PP, a semi-crystalline thermoplastic, is made in its homopolymer form by polymerizing propylene monomer using stereospecific Ziegler-Natta catalysts. The catalyst system is termed stereospecific because it controls the position of the side (methyl) group in each propylene unit in the polymeric chain. A typical catalyst system may be prepared by combining titanium trichloride with tributyl aluminum or its variants. Most commercial PP is isotactic. The physical properties and processing characteristics of PP are mainly determined by the molecular weight (average number of propylene units in a chain), the molecular weight distribution (variation in average length of chains) and the type and amount of copolymerizing monomer.
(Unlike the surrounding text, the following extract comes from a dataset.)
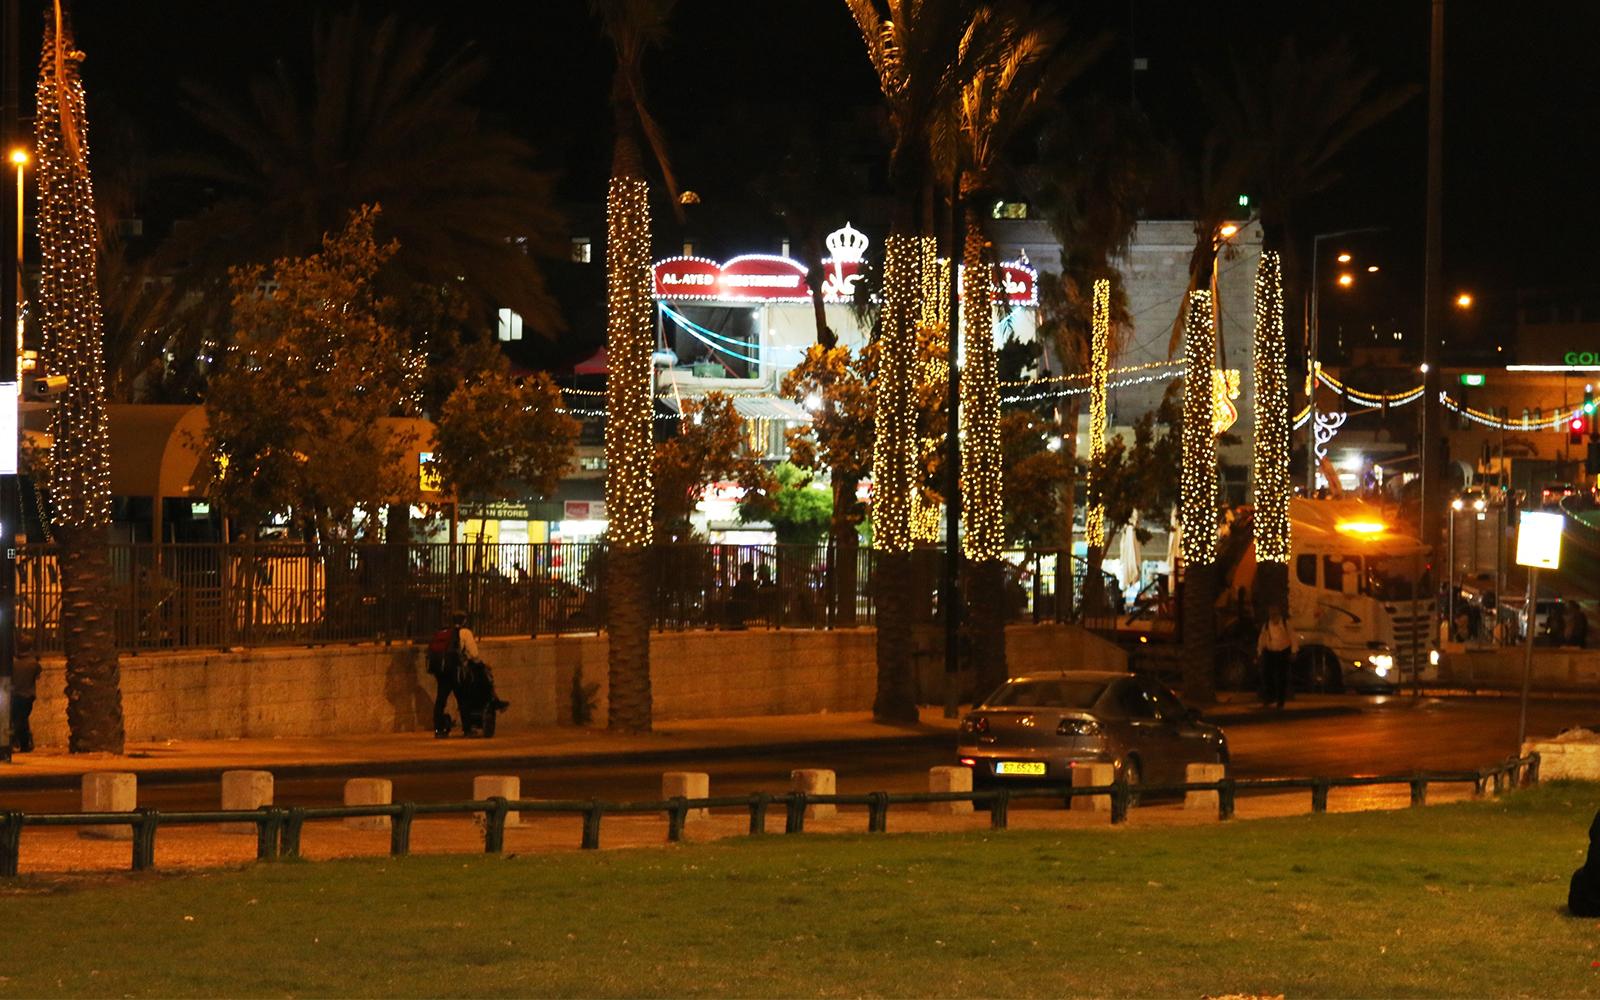 Lights festoon palm trees across from Palms' Plaza. (Shmuel Bar-Am)

The selection of the right grade of PP for a specific application involves:
- Choosing between homopolymer and copolymer
- Choosing a reactor or controlled rheology grade
- Defining the melt flow rate required and the appropriate additives system
However, with changes in manufacturing technology, operating conditions and catalyst systems, the traditional differences between the properties of homopolymers and copolymers have blurred. Hence, an open mind is necessary to select a proper grade for a particular application.
The properties of PP depend on the type and amount of comonomer. There are two basic types: random copolymer and heterophasic or block copolymer. The random polymers contain 1.5% to 6% by weight of ethylene or higher alkenes ( such as 1-butene) in random distribution and in a single chemical phase. The essential difference between a random and a block copolymer is that the block copolymer contains comonomer in the form of a dispersed rubber phase. The structure of random and block copolymerized PP is shown schematically below:
Copolymerized PP gives a softer feel to film and fibre products compared to homopolymers. However, PP copolymers are more expensive than homopolymers. Typical applications of copolymerized PP are battery cases, bumper filler supports, interior trim, glove boxes, package trays and window moldings, video cassette boxes, office chairs, disposable containers, boxes and appliance housings.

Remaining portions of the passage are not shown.